● **Required action**
Would you give the listing again exactly as written, minus its pictures?

● **Recorded data**

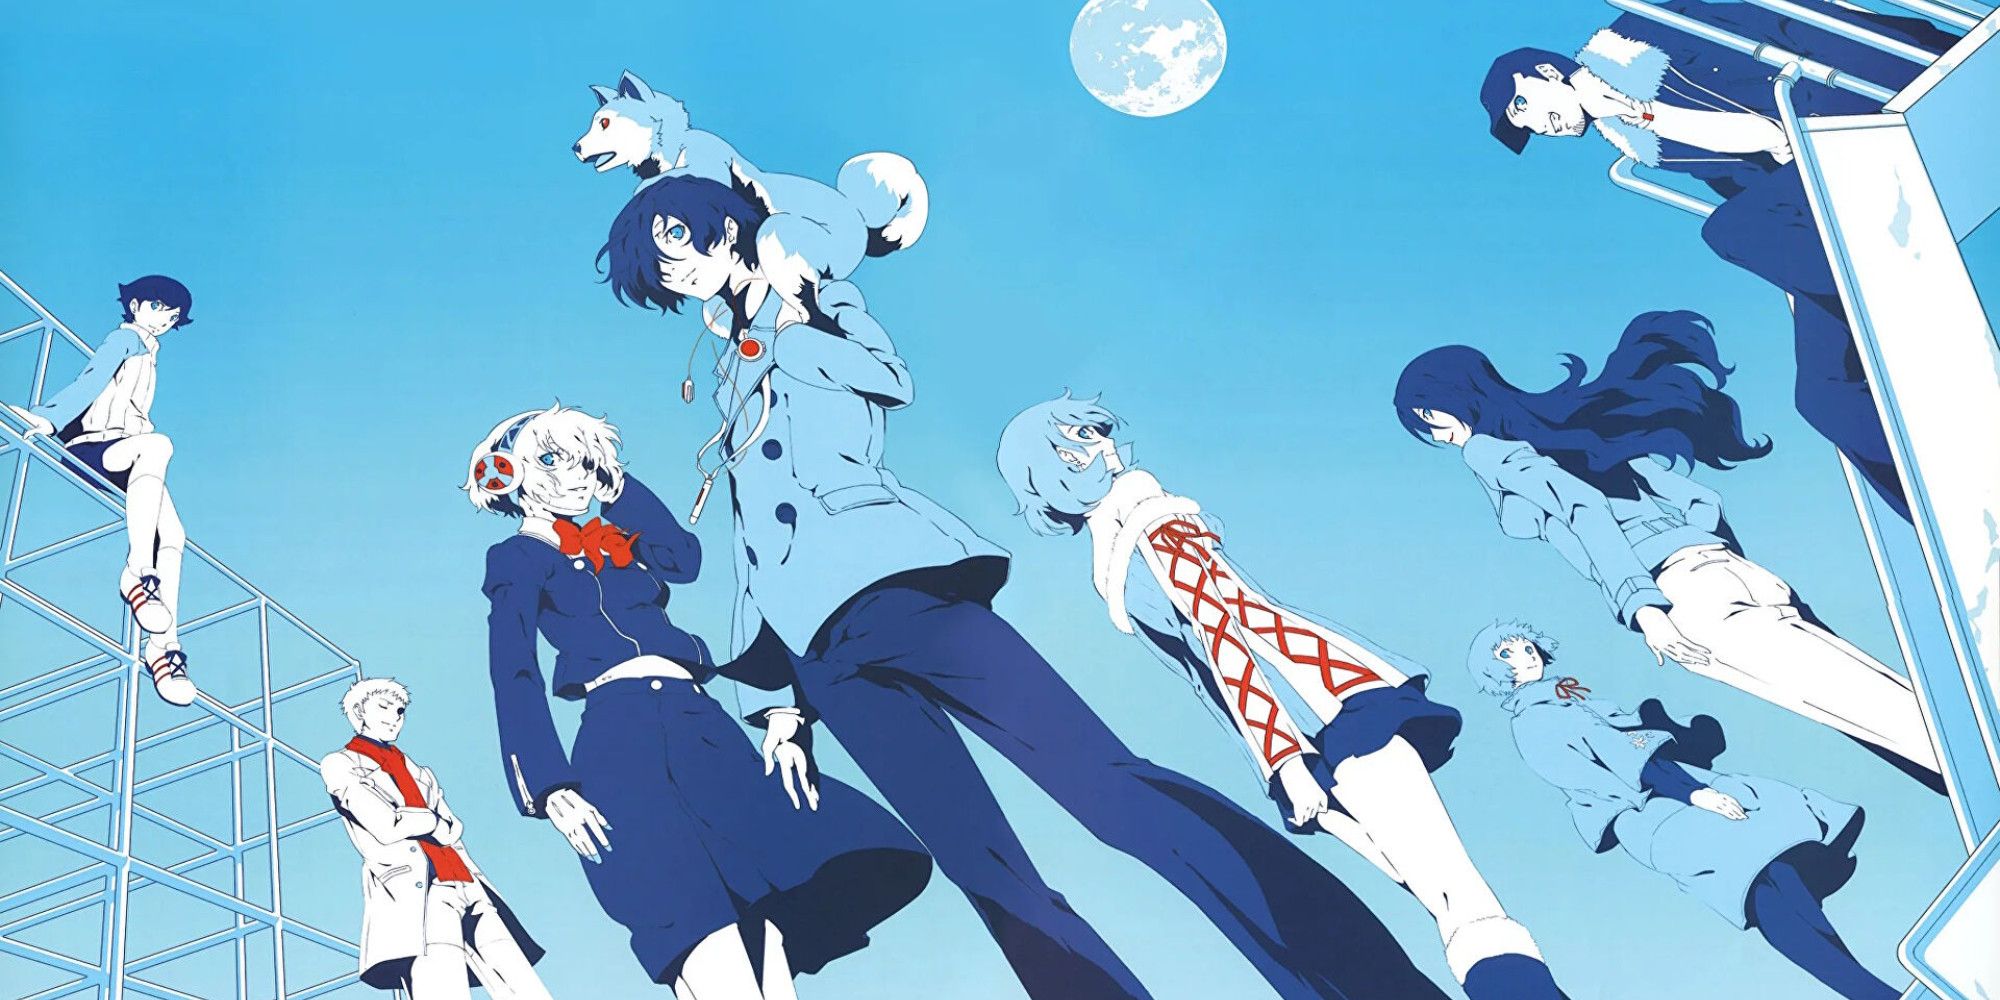 Persona 3 cast on a stylized blue background
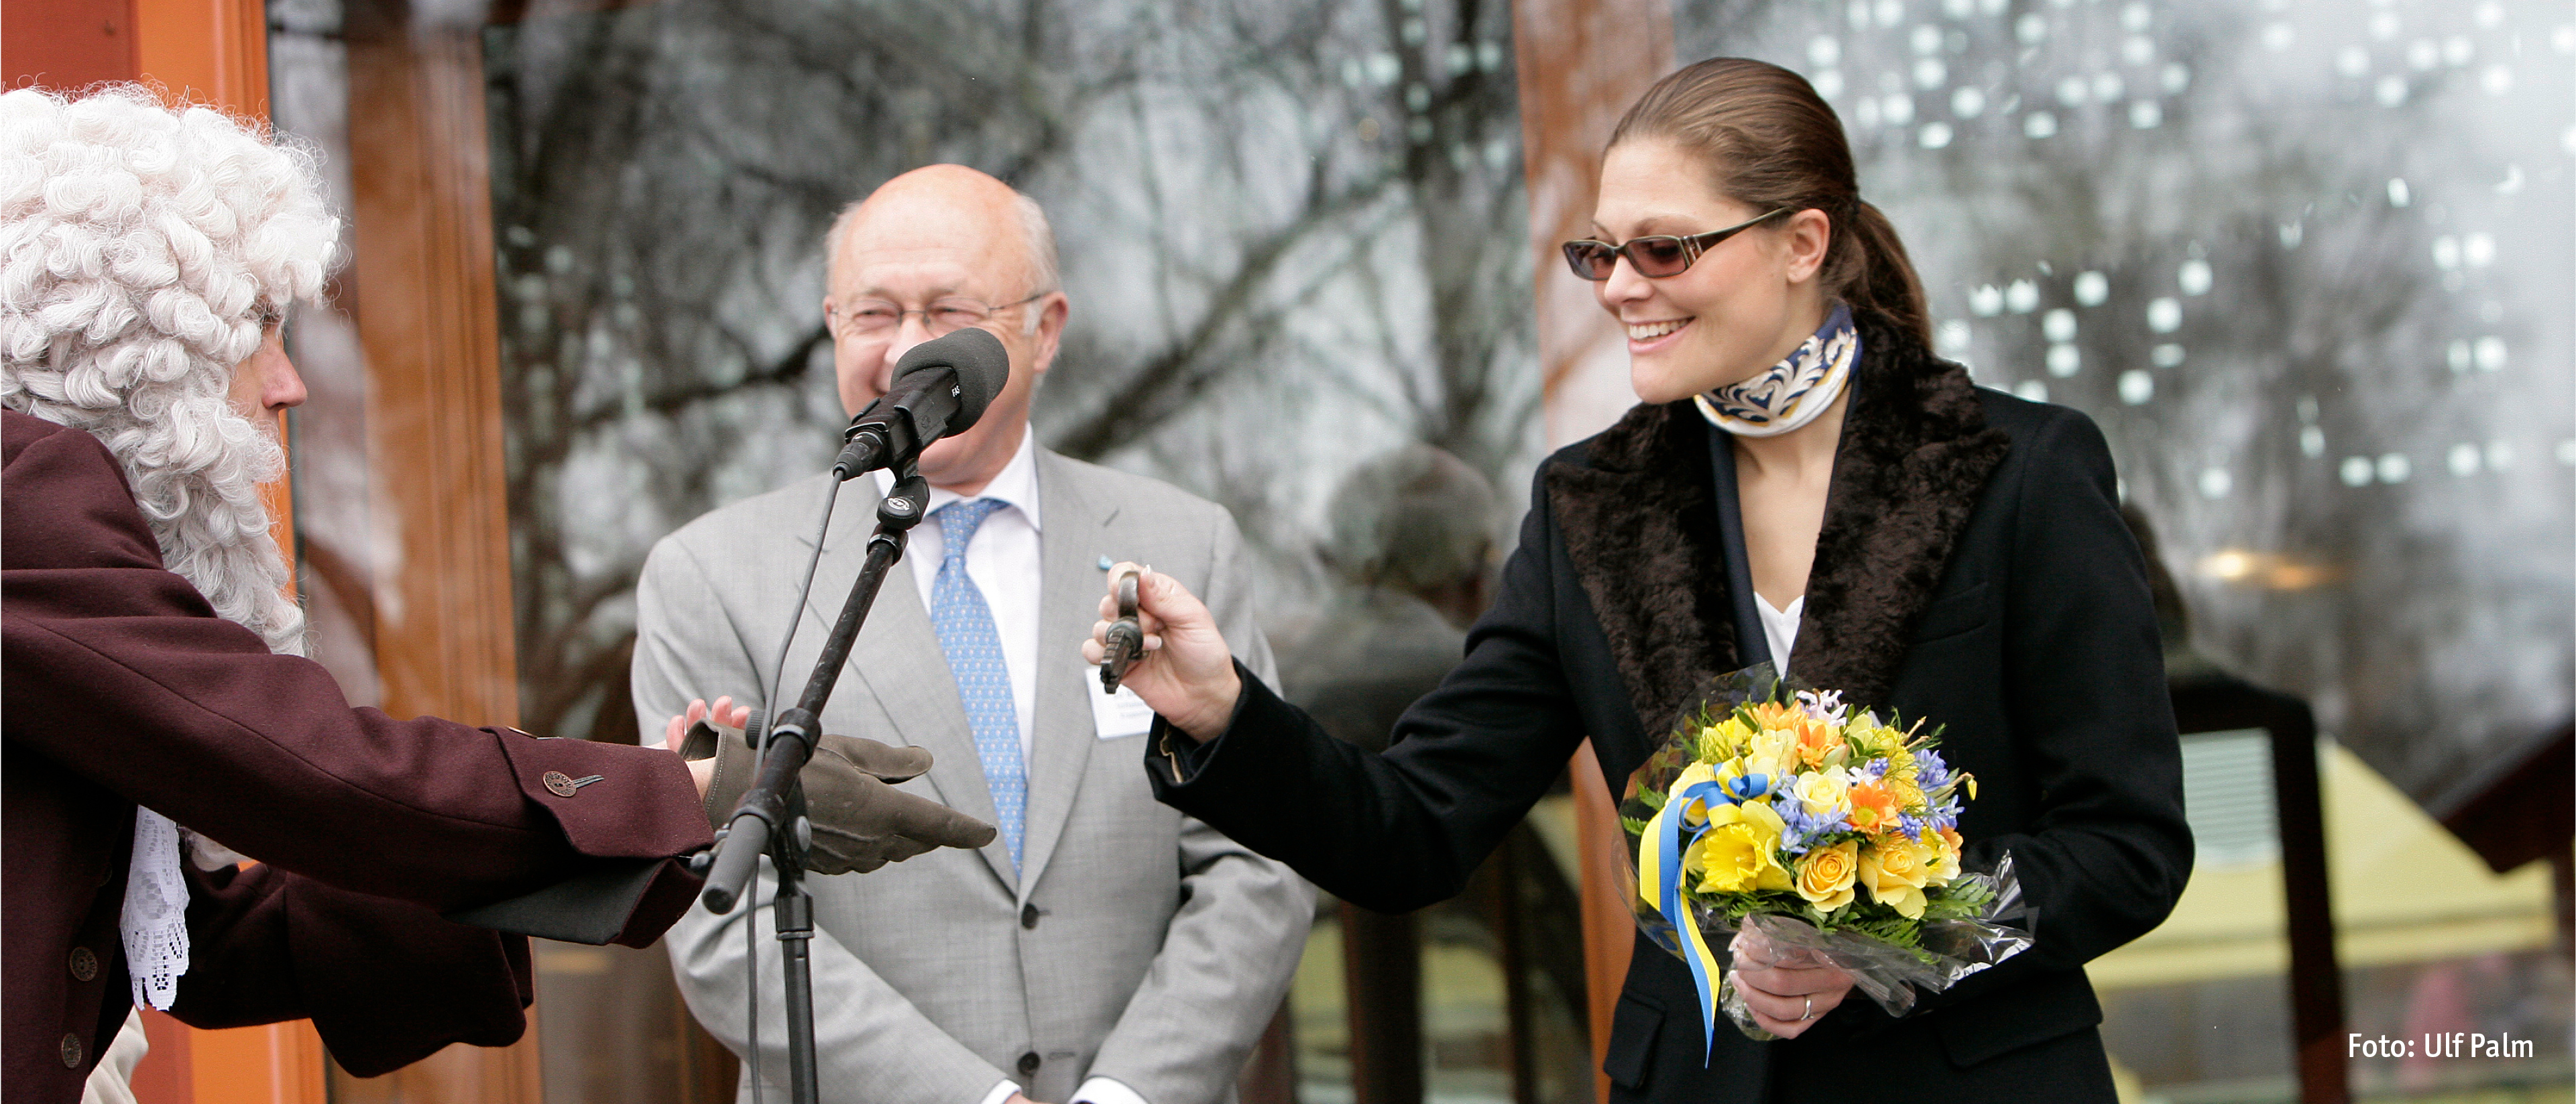 Kronprinsessan Viktoria tar emot nyckeln till världsarvshuset från Christopher Polhem (skådespelaren Joakim Lindblad). I bakgrunden står Bo Berggren, tidigare verkställande direktör för Stora AB och senare företagets styrelseordförande.
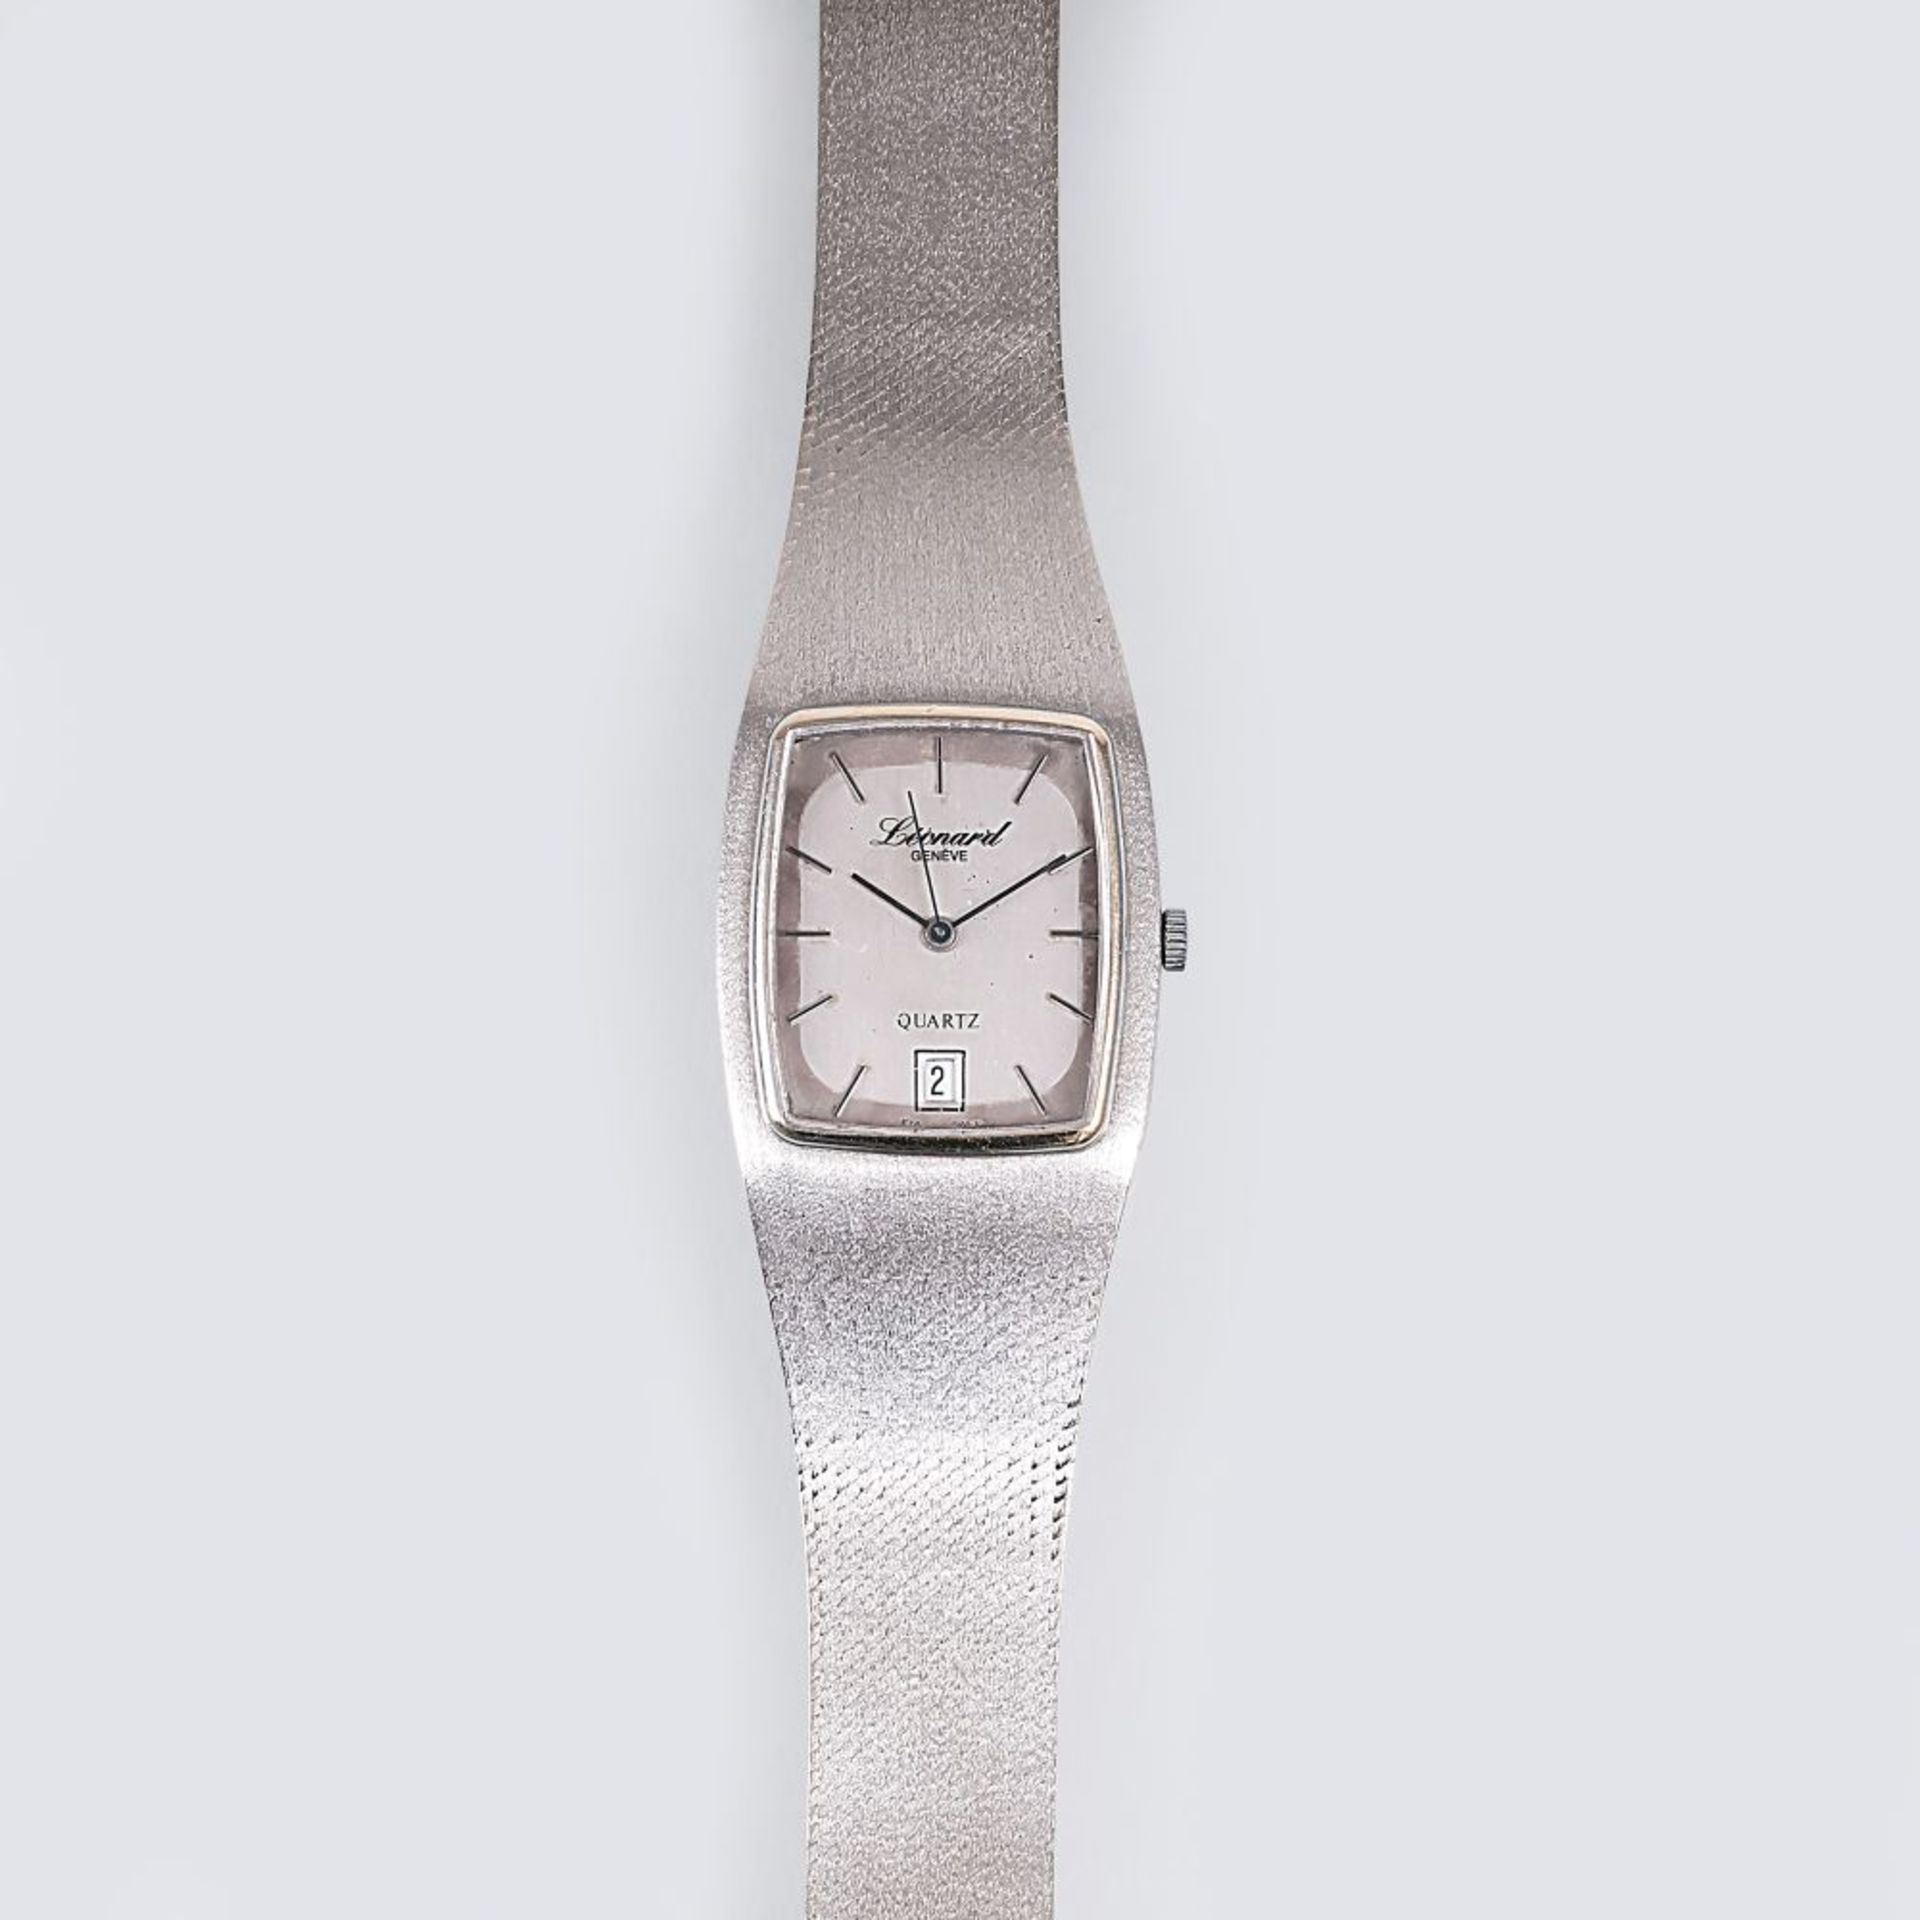 Vintage Herren-Armbanduhr. Um 1970. 14 kt. WG, gest. Silberfarbenes Zifferblatt, Indizes,

● **Output**
 Persona 3 cast on a stylized blue background
 Kronprinsessan Viktoria tar emot nyckeln till världsarvshuset från Christopher Polhem (skådespelaren Joakim Lindblad). I bakgrunden står Bo Berggren, tidigare verkställande direktör för Stora AB och senare företagets styrelseordförande.
 Vintage Herren-Armbanduhr. Um 1970. 14 kt. WG, gest. Silberfarbenes Zifferblatt, Indizes,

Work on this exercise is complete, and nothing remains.